I think what jin29 is saying is that he accepts a capacitor has DC blocking properties but doesn't understand how it's possible to read DC across a capacitor if it's supposed to block it.
What you'll find is that yes, you can read DC across a capacitor because a charge will build up on one plate relative to the other. Both plates of a capacitor will always store an equal and opposite charge. The plate at the higher voltage will always carry the positive charge, and the plate at the lower voltage will always carry the negative charge.
The difference between a capacitor and a resistor is that charge will continuously flow through a resistor (which is what causes current flow) whereas charge does not directly flow through a capacitor - it simply sits on the capacitor plates, the gap between them preventing any direct flow of charge. The only time charge will flow from one plate to the other is during a discharge, which under DC conditions the capacitor isn't going to do.
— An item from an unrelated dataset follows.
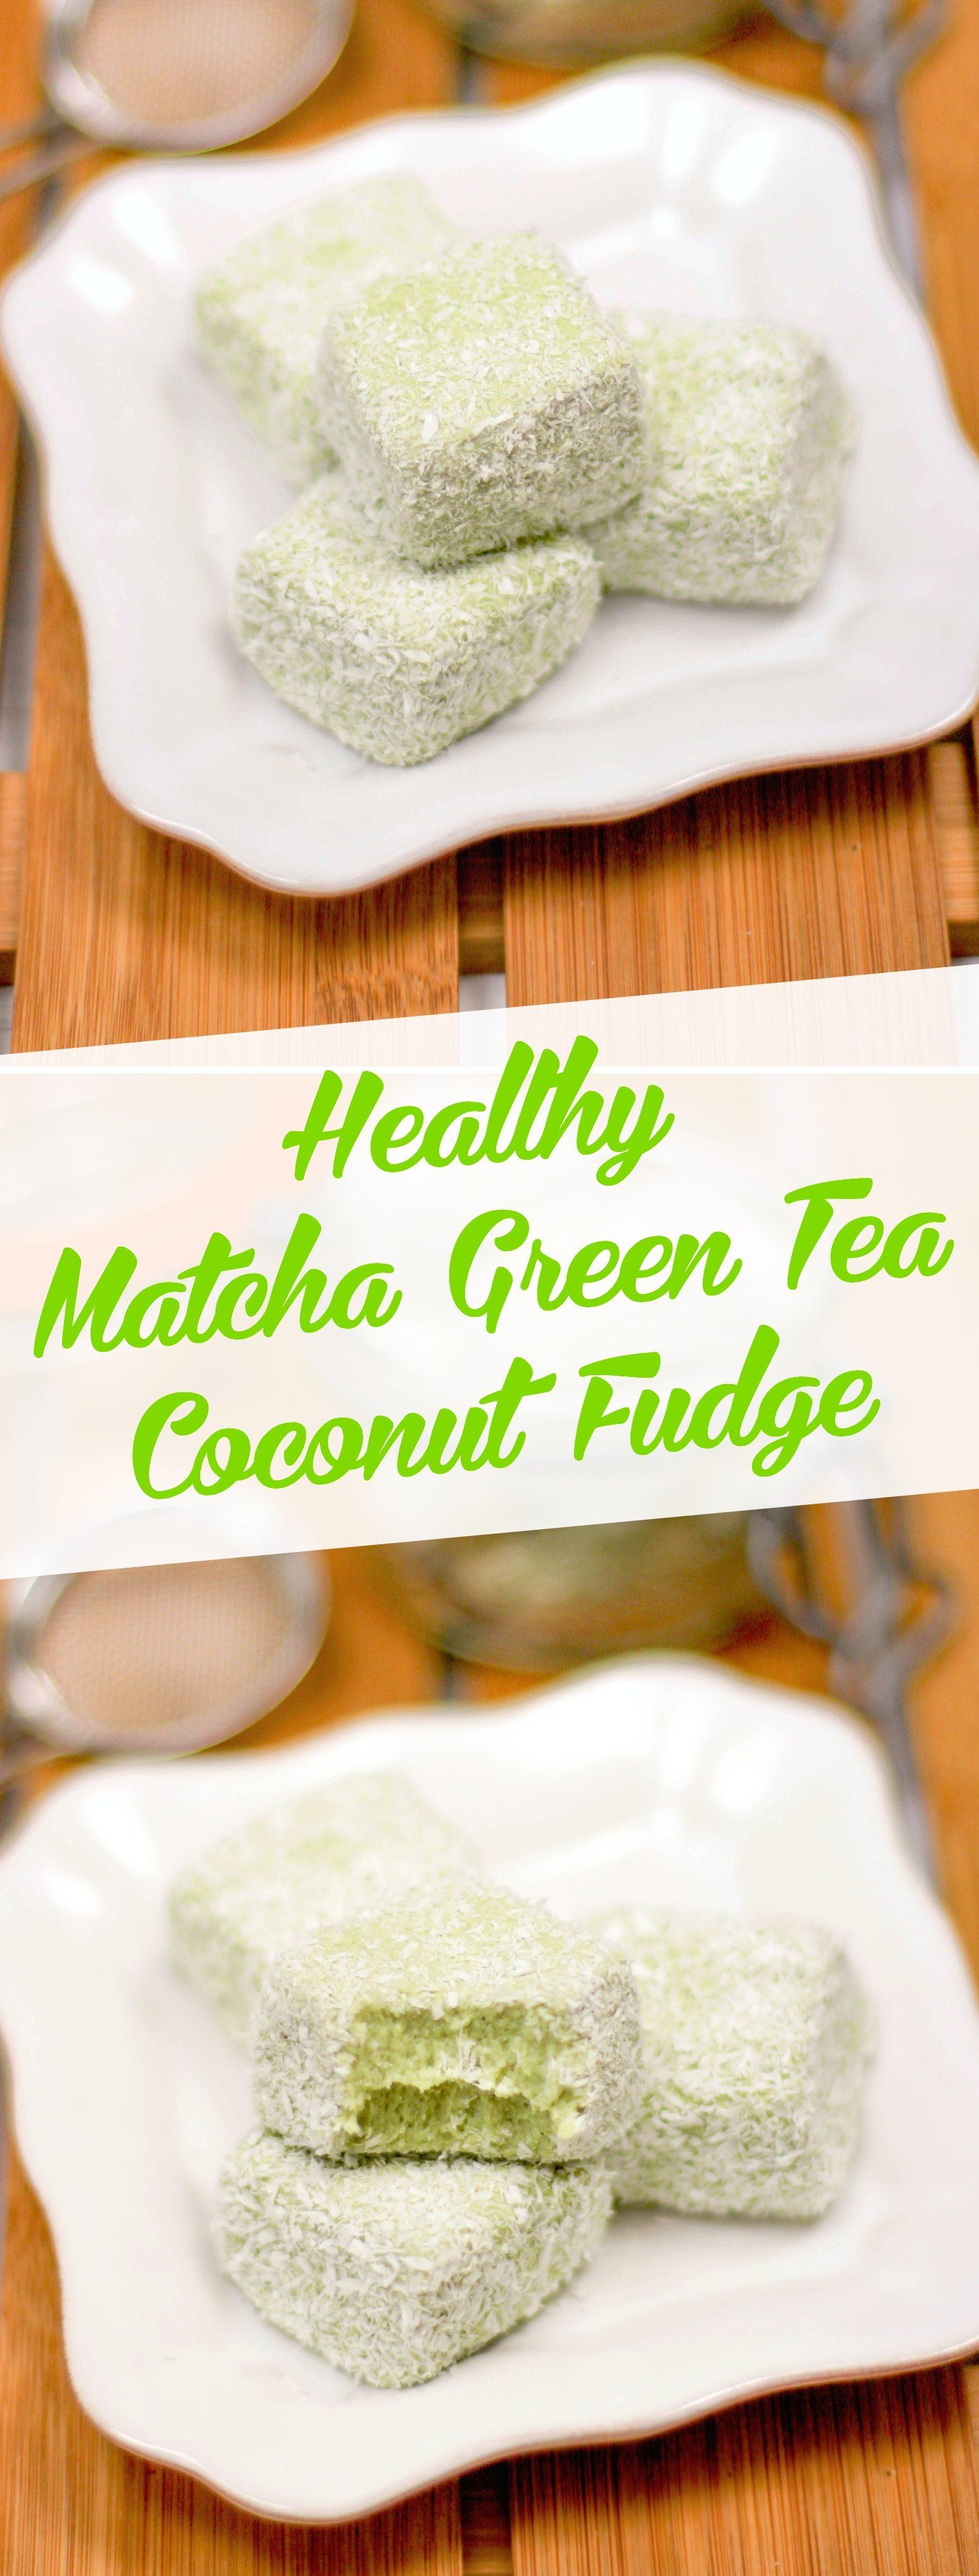 Healthy Matcha Coconut Fudge - Desserts with Benefits

It's only when you start talking about AC conditions that you'll get a continous charge/discharge situation and therefore only under AC conditions will charge (and therefore current) flow.
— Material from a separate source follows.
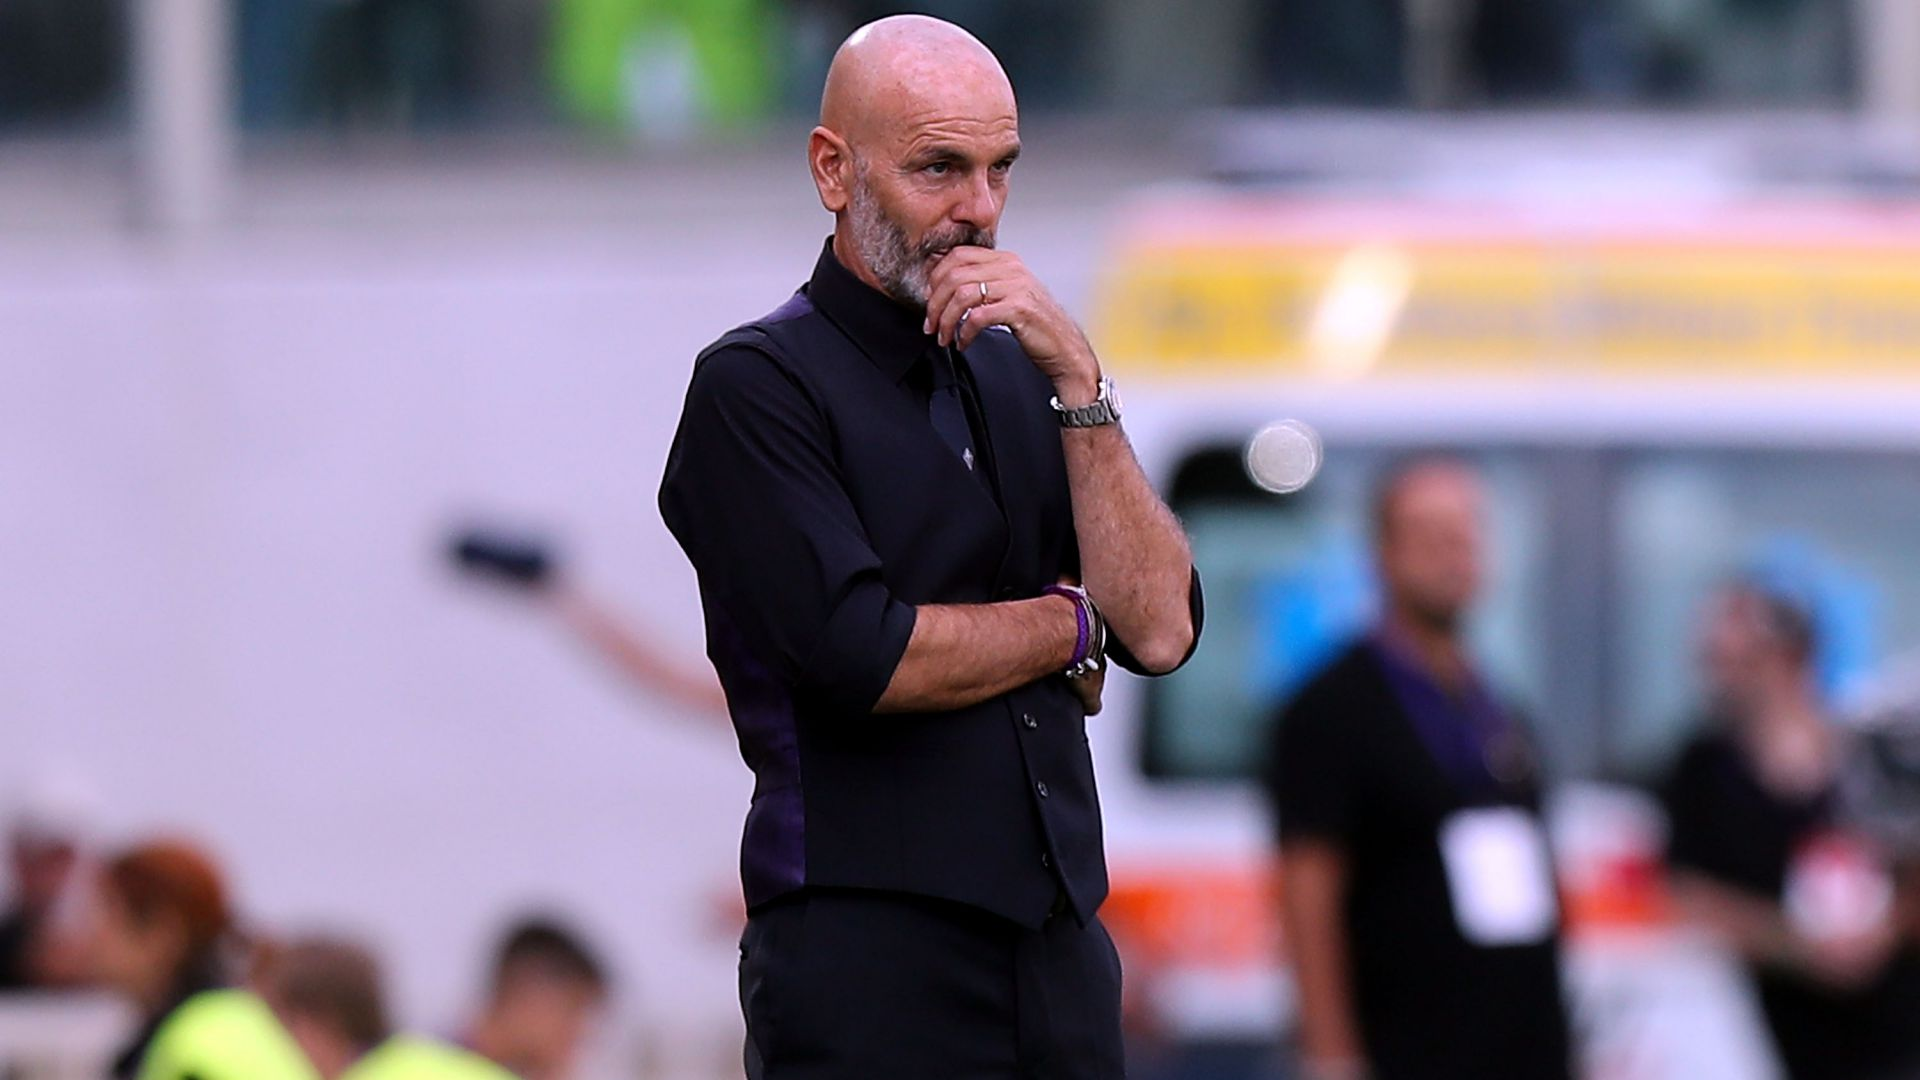 Stefano Pioli Fiorentina

This is why a capacitor "blocks" DC. You'll still measure a voltage across it because the capacitor plates will become charged as a result of the potential difference across them, but once charged the gap between the plates prevents any actual charge flow. If you were to connect a capacitor and a resistor in parallel and then connect a DC potential difference at each end, once the capacitor had fully charged the only current flowing would be through the resistor.
I hope this clears things up a bit, and that I haven't confused you further... I also hope none of my explanation is too inaccurate
Brian